The IPKat's friends at leading Indian IP weblog SpicyIP have emailed him excitedly to tell him that they've got a brand new website at
spicyip.com, all handsome, shiny and free of all blogpots
[the IPKat and Merpel have been urged to do likewise for some years now, but they're generally too busy generating content, or trying to, to focus on what might indeed be a much-needed redesign]. Shamnad and friends have also
kickstarted SpicyIP's OpenIP initiative in a big way. Take a look here and, at the blog's Resources facility, here.

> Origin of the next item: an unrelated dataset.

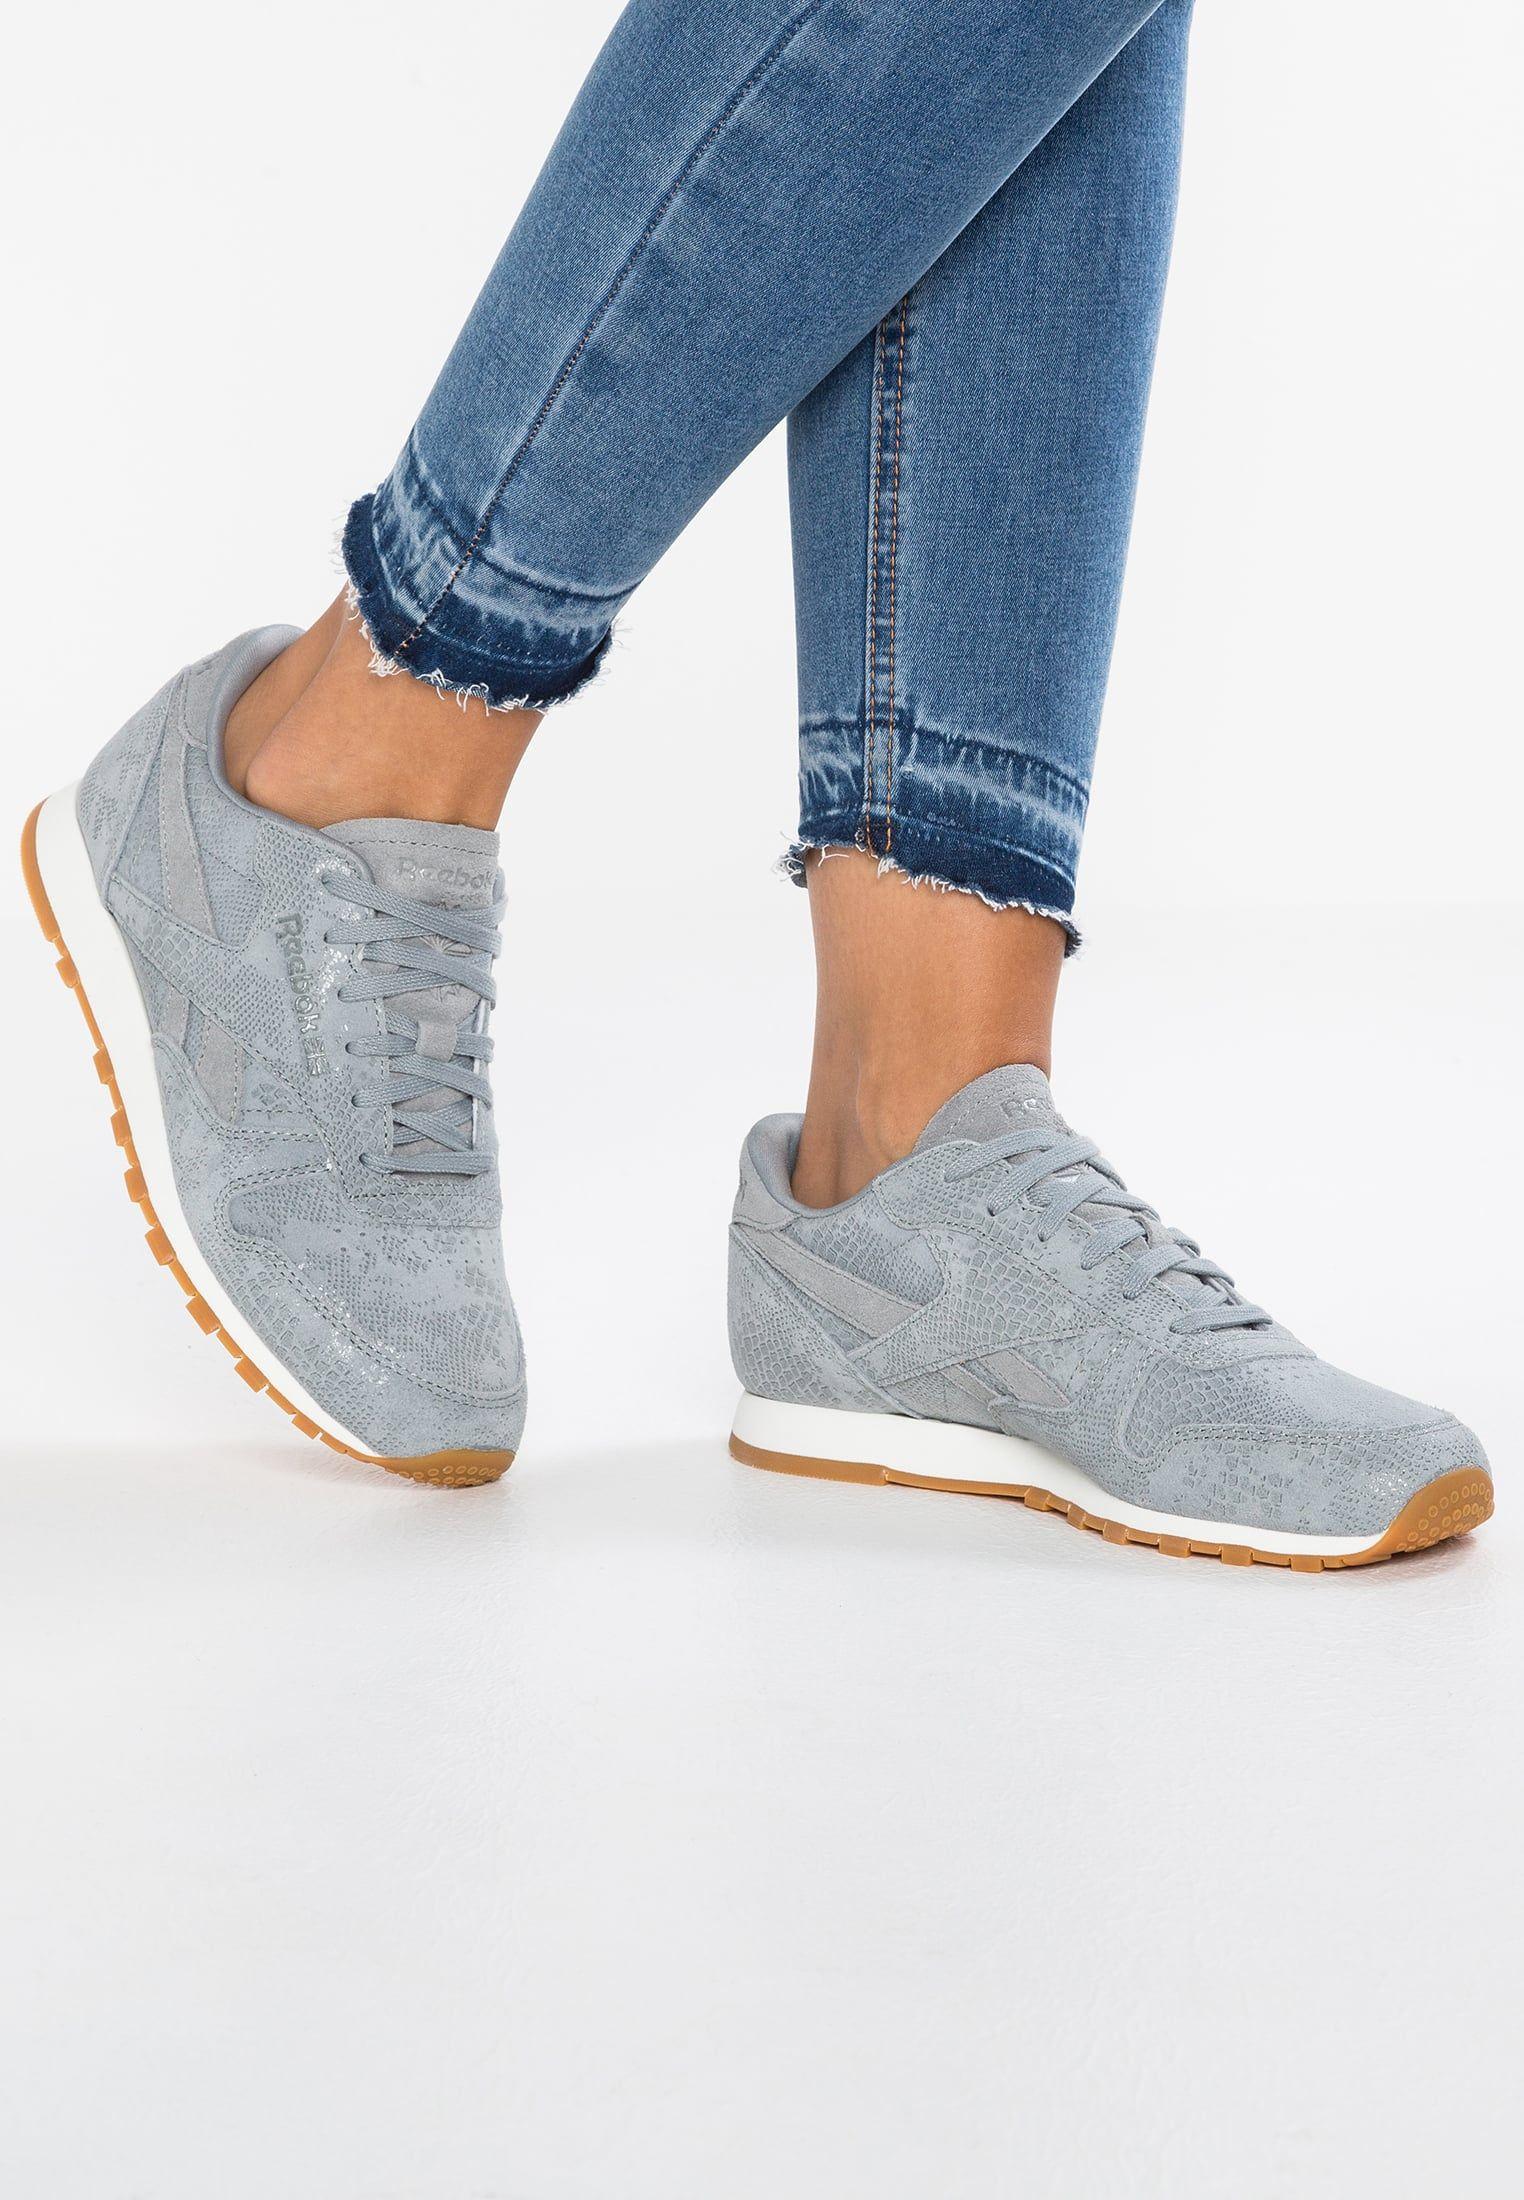 25e5ad900298e Chaussures Reebok Classic CLASSIC CLEAN EXOTICS - Baskets basses - flint  grey chalk gris  89

When damages will cost you nothing. The Queen Mary Journal of Intellectual Property, published by Edward Elgar Publishing, has a most generous and endearing custom of making one article in each issue freely available to all-comers, whether they subscribe to this excellent publication or not. This time round, the offering consists of an article on one of this Kat's favourite topics, "‘Damages’ in European law and the traditional accounts of profit", written by Katfriend and scholar Phillip Johnson (Associate Professor of Intellectual Property, University College Dublin; Visiting Senior Fellow, Queen Mary University of London). You can read it in all its glory here. According to the abstract
"The award of an account of profits has a long and distinguished pedigree in equity and law. However, the law governing enforcement and remedies is now subject to the Enforcement Directive (2004/48) with an account of profits falling under Article 13. The implications of the Directive and the changes it has brought still remain unclear and are yet to be fully appreciated as the Court of Appeal’s decision in Hollister v Medik Ostomy [2012] EWCA Civ 1419 made clear."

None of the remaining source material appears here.